Pods are not created
kubectl get pods -n runai
You will get a list of running "pods". All pods should be with status Running or Completed. There could be various reasons why pods are at a different status. Most notably, pods use Run:AI images which are downloaded from the web. If your company employs an outbound firewall, you may need to open the urls and ports mentioned here
GPU related metrics are not shown
In the Admin portal (app.run.ai) Metrics such as "number of GPUs" and "GPU utilization" do not show
This typically means that there is a disconnect between the Kubernetes pods that require access to GPUs and the NVIDIA software.
This could happen if:
- Connecting GPU data requires a Kubernetes feature gate flag called KubeletPodResources. This feature gate is a default in Kubernetes 1.15, but must be added in older versions of Kubernetes. See https://kubernetes.io/docs/reference/command-line-tools-reference/feature-gates/. Note that Run:AI has been tested on Kubernetes 1.15.
- Nvidia perquisites are not installed. See https://support.run.ai/hc/en-us/articles/360010227960-Run-AI-GPU-Cluster-Prerequisites for NVIDIA related prerequisites.

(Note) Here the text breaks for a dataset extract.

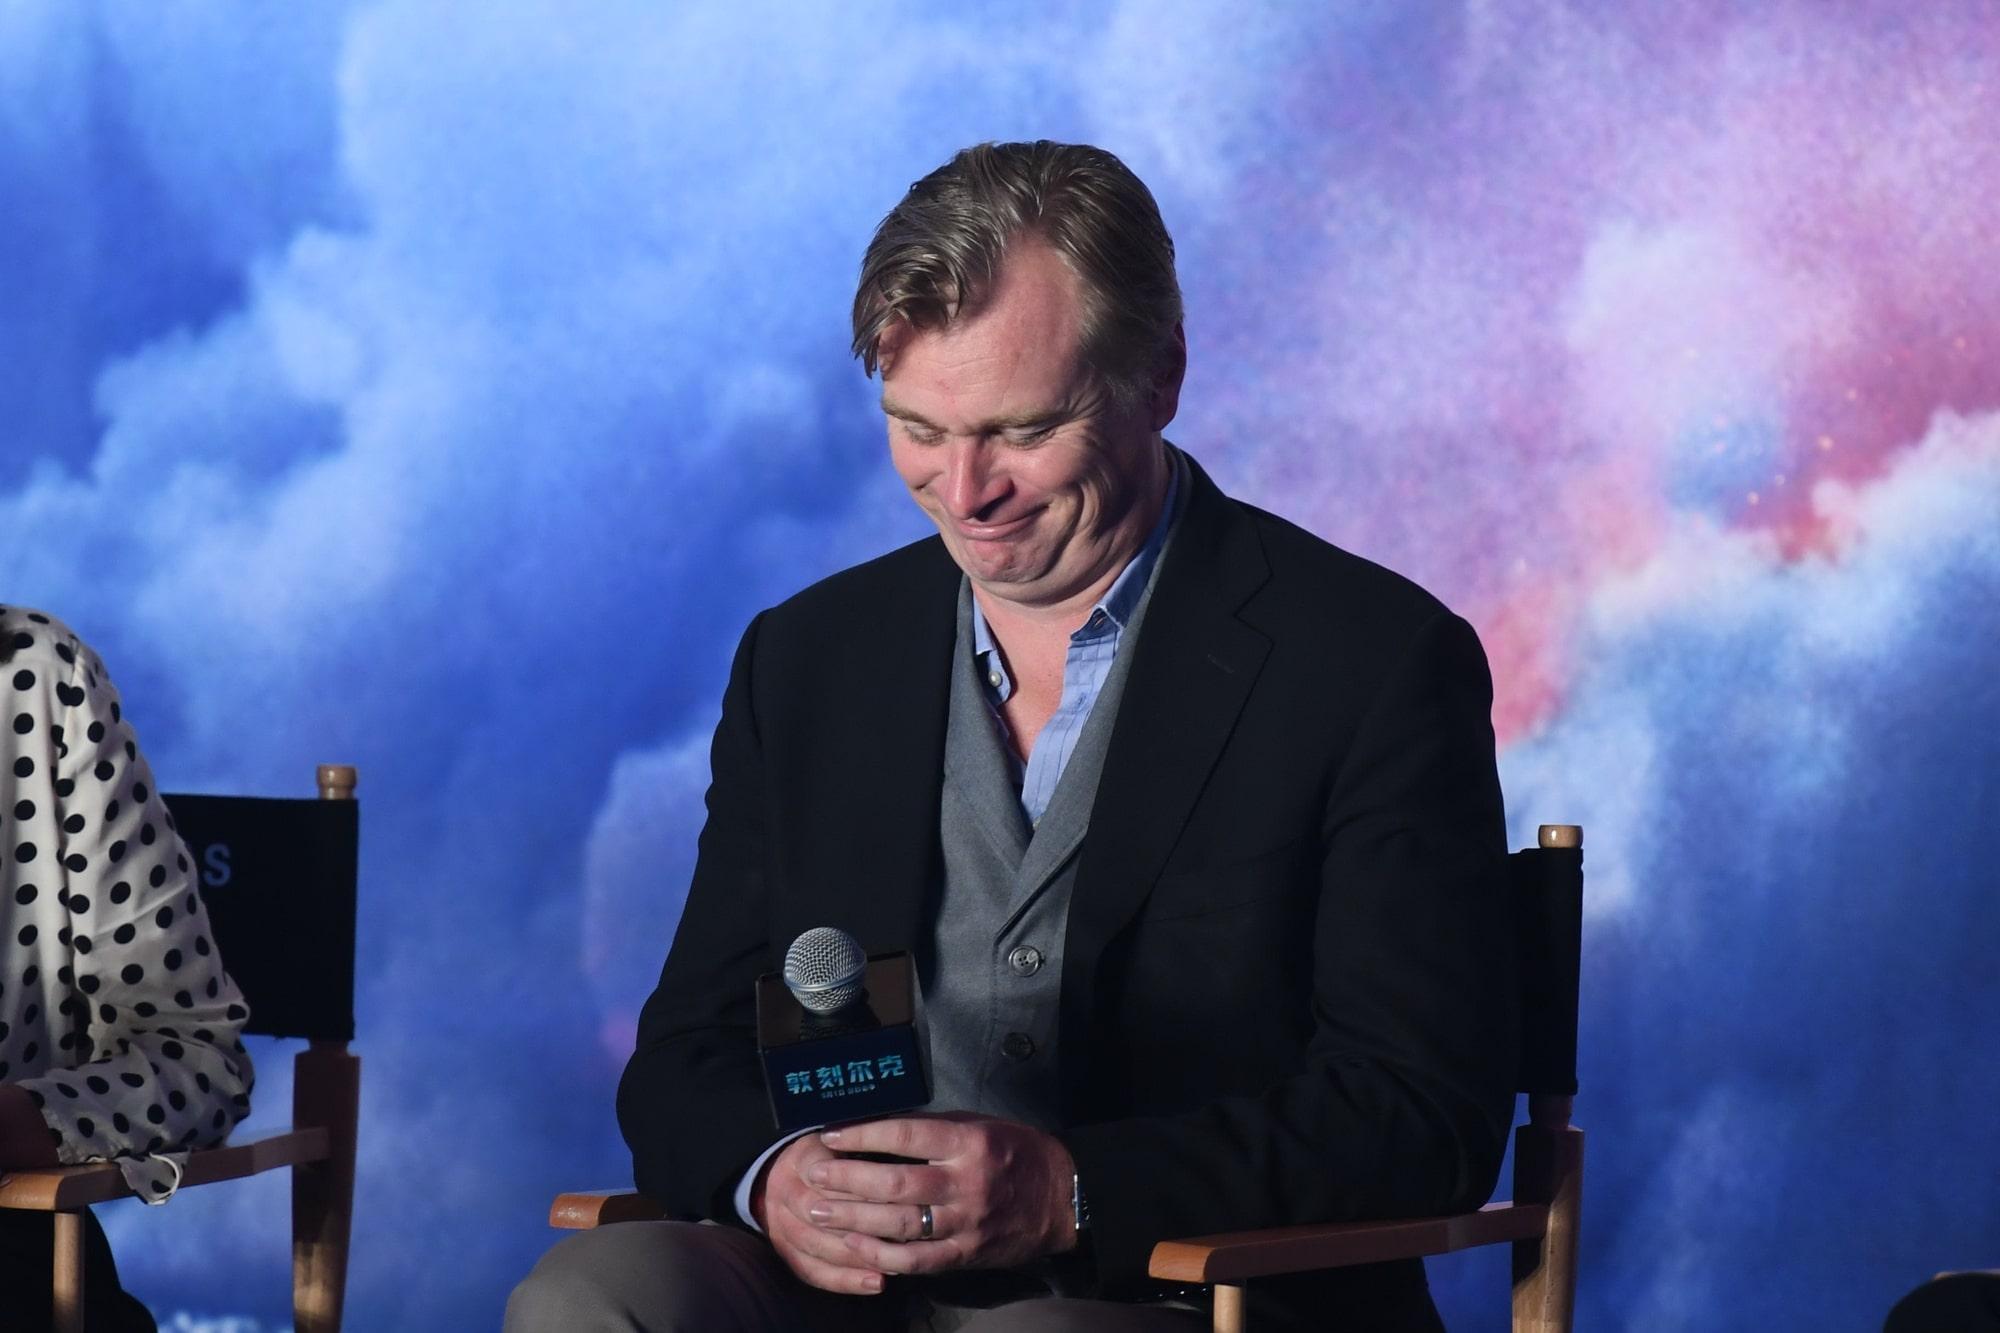 Новый фильм Нолана «Довод» оживляет киноиндустрию после пандемии

To verify whether GPU metrics are exported run:
kubectl port-forward -n runai prometheus-runai-prometheus-operator-prometheus-0 9090
Then using your browser go to: http://localhost:9090/. Verify that you see metrics for dcgm_gpu_utilization
If no metrics are shown, you can get to the root cause by running:
kubectl get pods -n runai --selector=app=pod-gpu-metrics-exporter
There should be one gpu metrics exporter per node. For each pod run:
kubectl logs -n runai <name> -c pod-nvidia-gpu-metrics-exporter
Where <name> is the pod-gpu-metrics exporter names from above. The logs should contain further data about the issue
A typical issue may be skipping the prerequisite of installing the Nvidia driver plugin. See here.